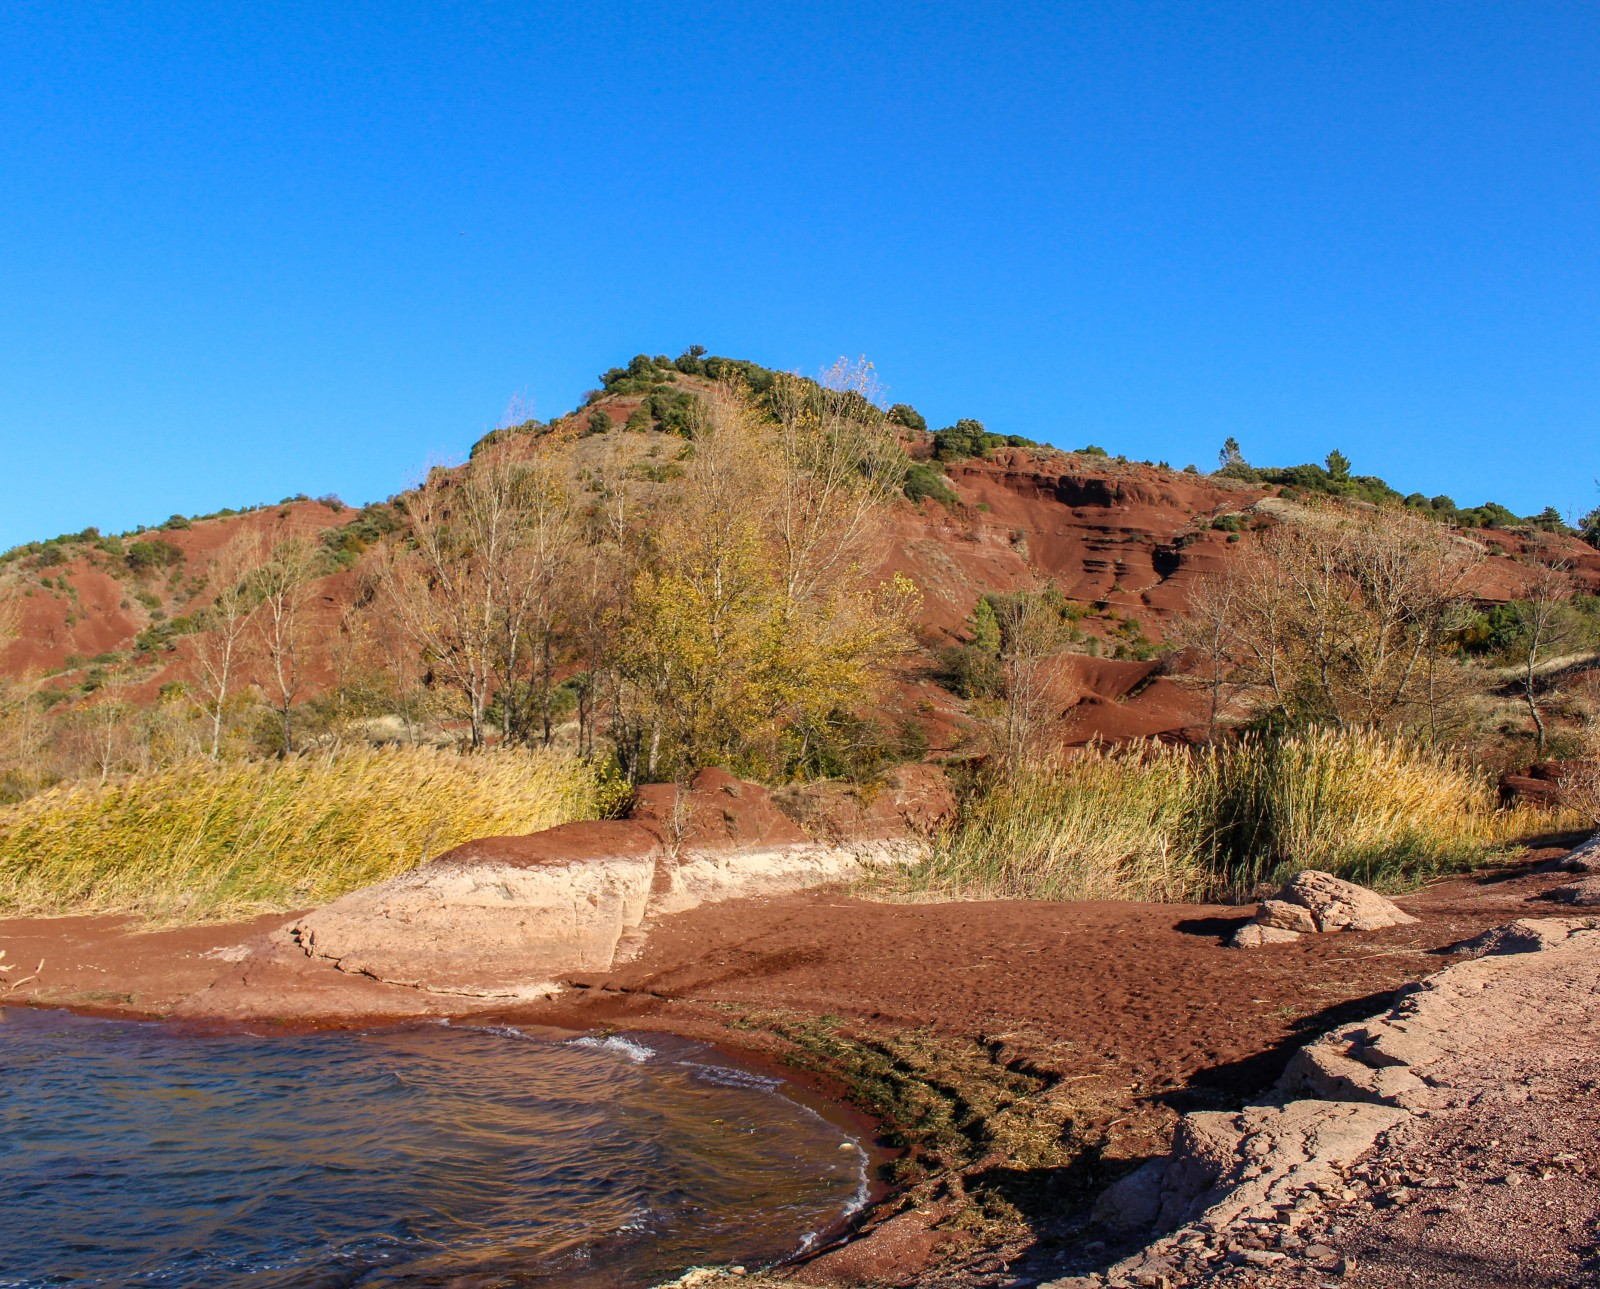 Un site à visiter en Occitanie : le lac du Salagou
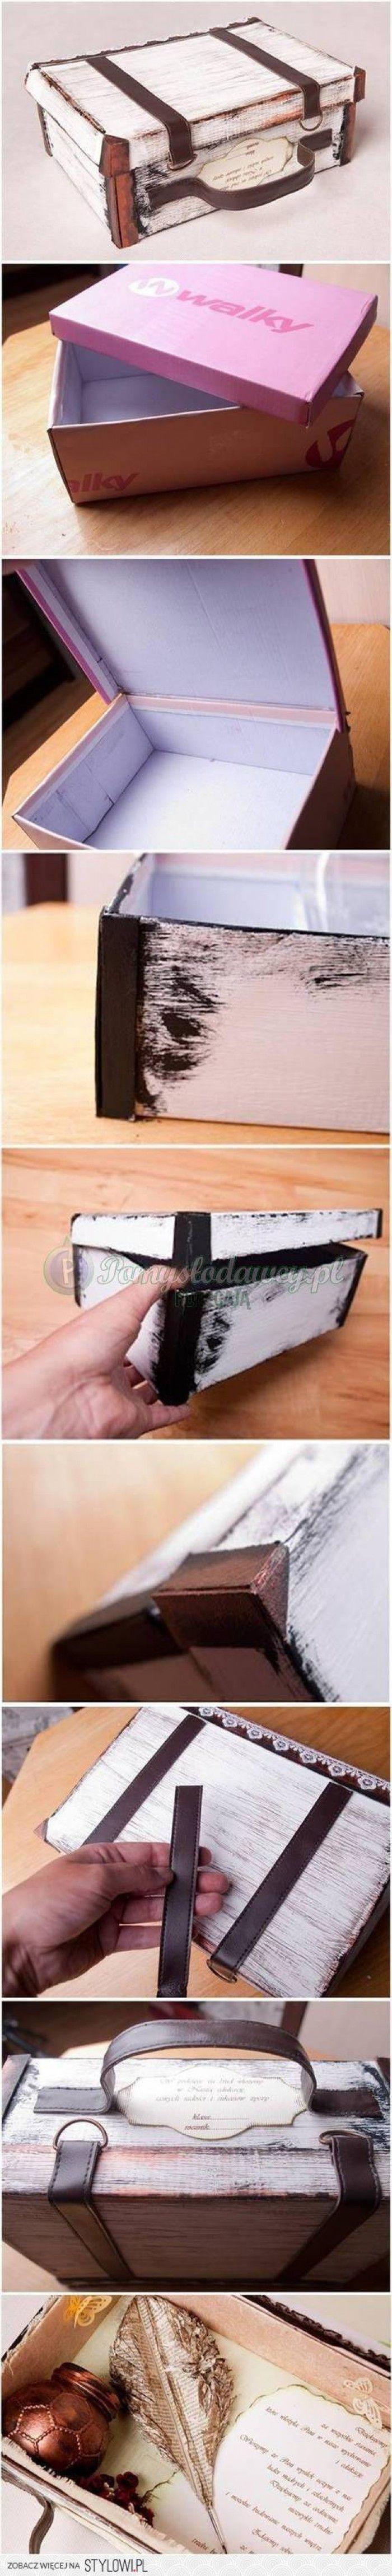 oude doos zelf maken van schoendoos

--

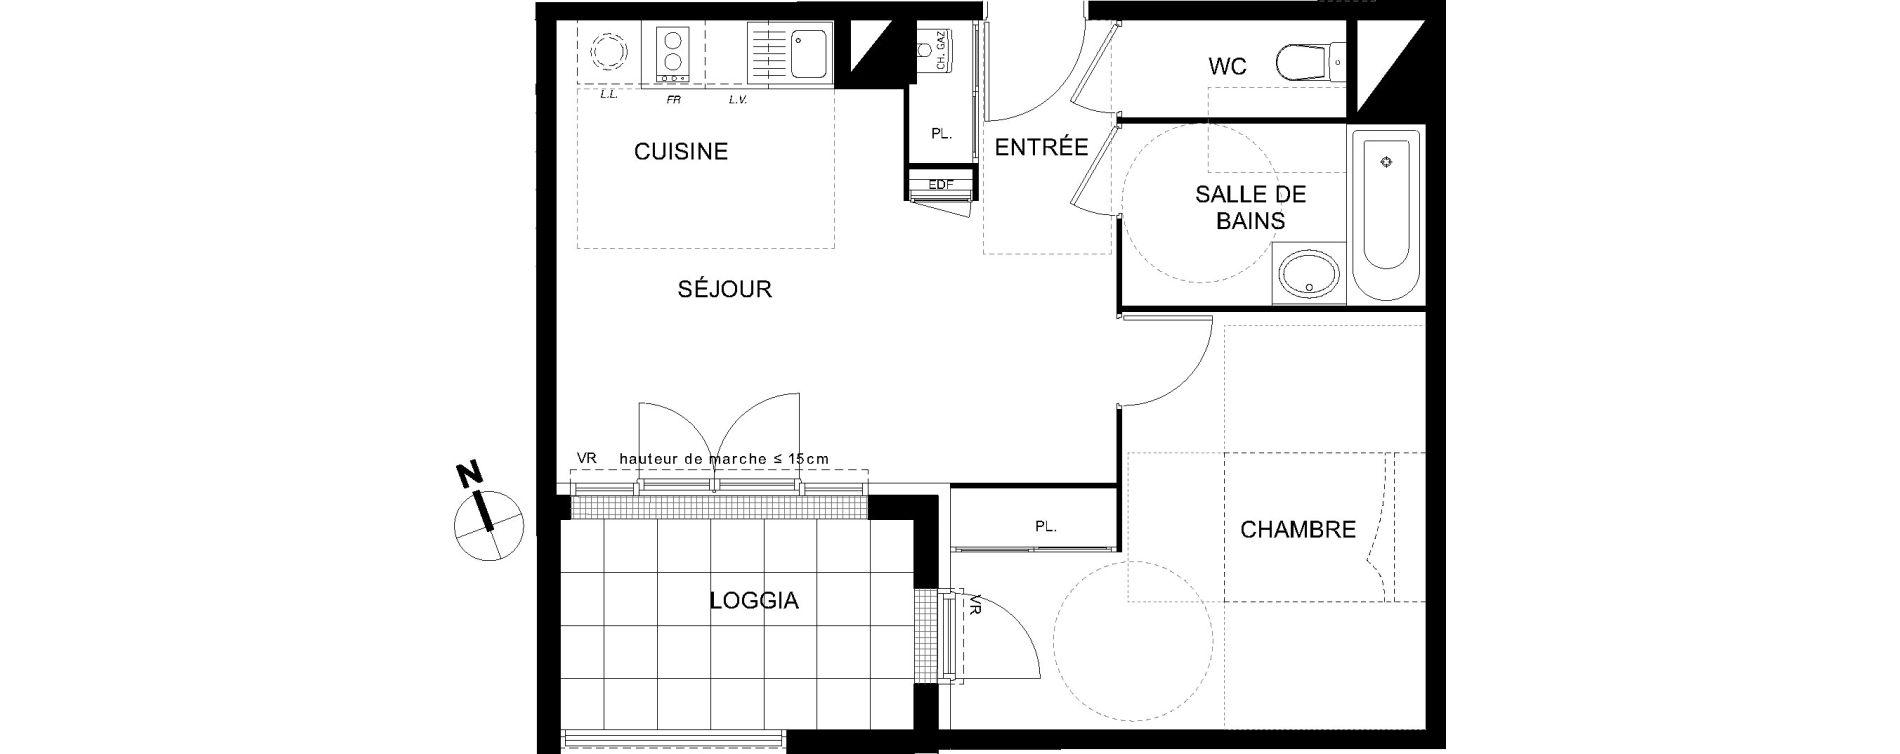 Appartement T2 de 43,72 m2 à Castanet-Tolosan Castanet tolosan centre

--

→ **What to do**:
Among the entries above, take the lines from the one with "Un site à visiter" through the one with "oude doos zelf maken van schoendoos" and retype them exactly, leaving out the pictures.

→ **Solved exercise**:
 Un site à visiter en Occitanie : le lac du Salagou
 oude doos zelf maken van schoendoos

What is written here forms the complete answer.